A bare perusal of the plaint filed by Respondent No.1 herein would show that the validity and/or legality of the Will has been challenged on a number of grounds; one of them being suspicious circumstances surrounding the execution of the Will purported to have been executed by Smt. Budho Bai. There cannot be any dispute with regard to the proposition of law that the onus of proof to establish that the Will was validly executed by the testator was on the person who was a beneficiary thereunder. Existence of suspicious circumstances may not lead to an inference that the Will was invalid in law, but would certainly be a relevant factor to arrive at a finding that the Will was not executed by the testator in a sound and disposing state of mind.

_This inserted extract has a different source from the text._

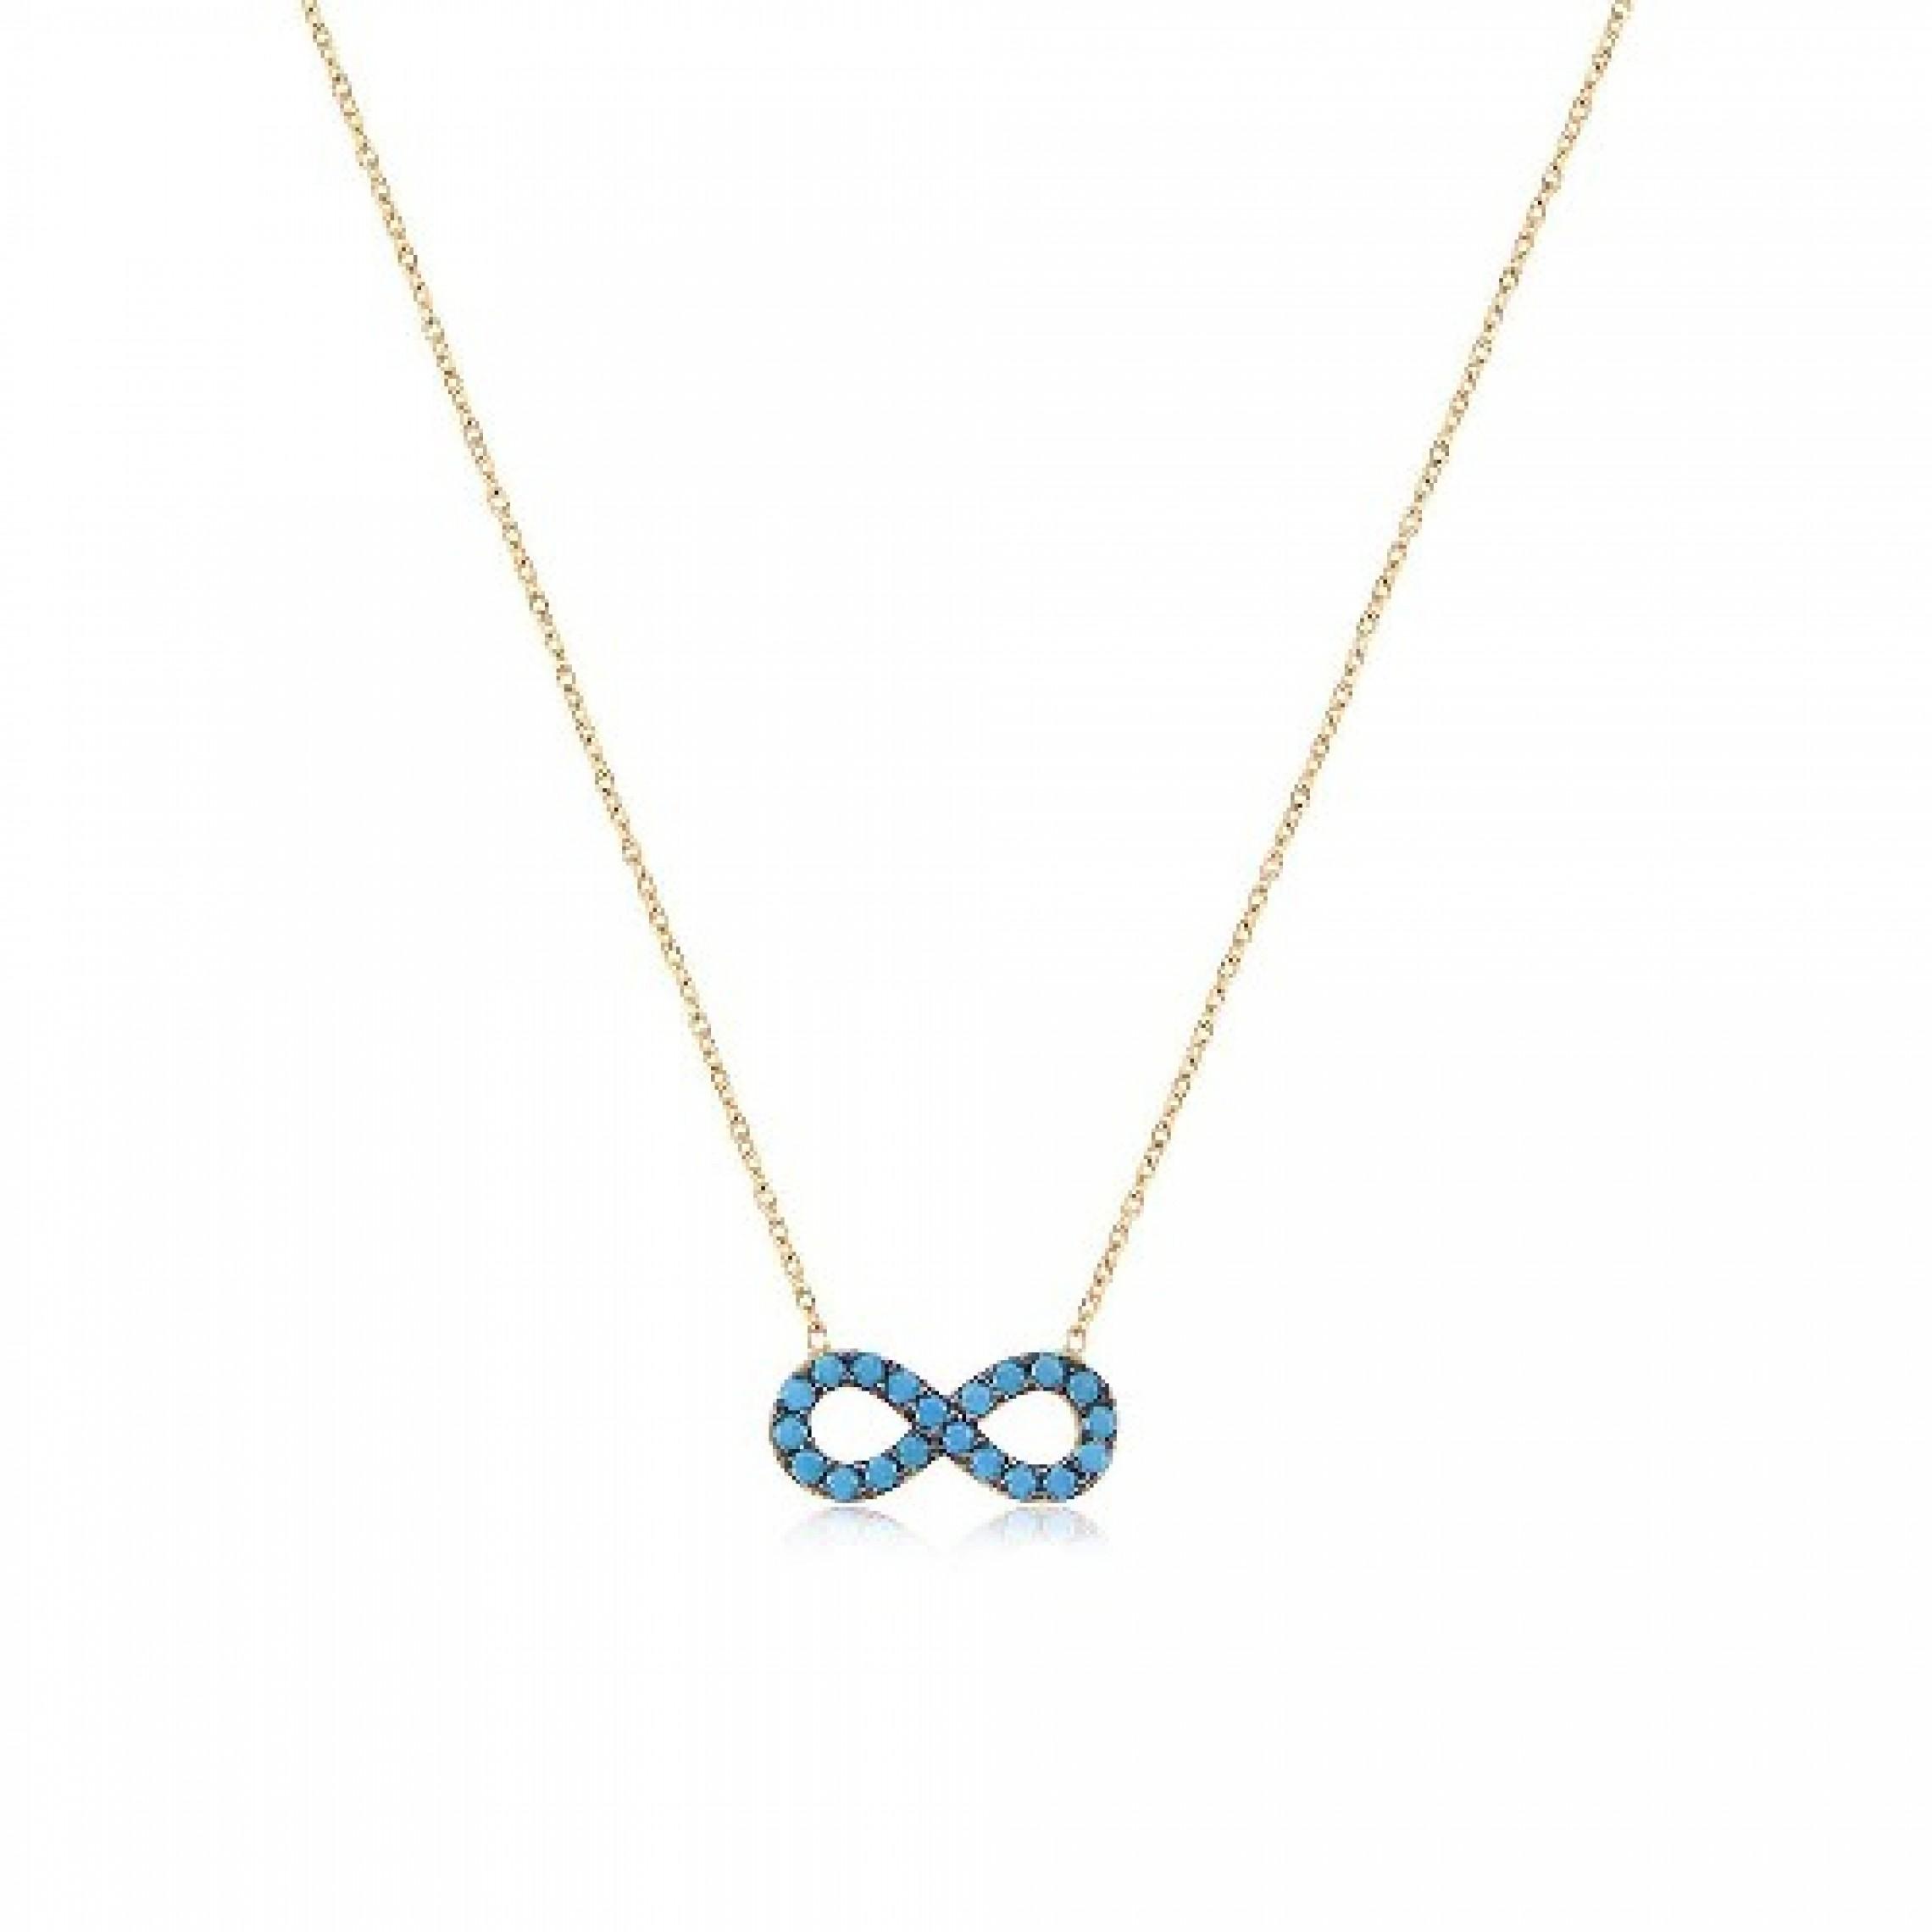 JN-190164 Evil Eye 925 Sterling Silver CZ Necklace Infinity

But the same by itself could not be a ground for remitting the entire suit to the learned Trial Judge upon setting aside the decree of the learned Trial Court. The power of remand vests in the Appellate Court either in terms of Order XLI Rules 23 & 23A or XLI Rule 25 of the Code of Civil Procedure. Issue No. 4 was held to have been wrongly framed. Onus of proof was also wrongly placed and only in that view of the matter the High Court thought it fit to remit it to the learned Trial Judge permitting the parties to adduce fresh evidence. It, therefore, required the learned Trial Judge to determine a question of fact, which according to it was essential, upon reframing the issue.

Only, thus, additional evidences were required to be adduced upon reframing the issue and having regard to the fact that onus of proof was wrongly placed on the plaintiff.

In the aforementioned situation, in our opinion, it would have been proper for the High Court not to remit the matter in its entirety, which could have been done by the court in exercise of its jurisdiction under Order XLI Rule 23 or Order XLI Rule 23A of the Code of Civil Procedure. The impugned judgment must in the aforementioned situation be held to have been passed in terms of Order XLI Rule 25 of the Code of Civil Procedure.

For the reasons aforementioned, the impugned judgment should be directed to be modified. We, therefore, in modification of the impugned judgment, direct that the learned Trial Judge may allow the parties to adduce evidence, whereupon it shall return the evidence to the Appellate Court together with its findings thereupon and reasons therefor within four months from the date of communication of this order, whereupon the High Court may proceed to determine the appeal on its own merit. The appeal is allowed to the aforementioned extent. However, there shall be no order as to costs.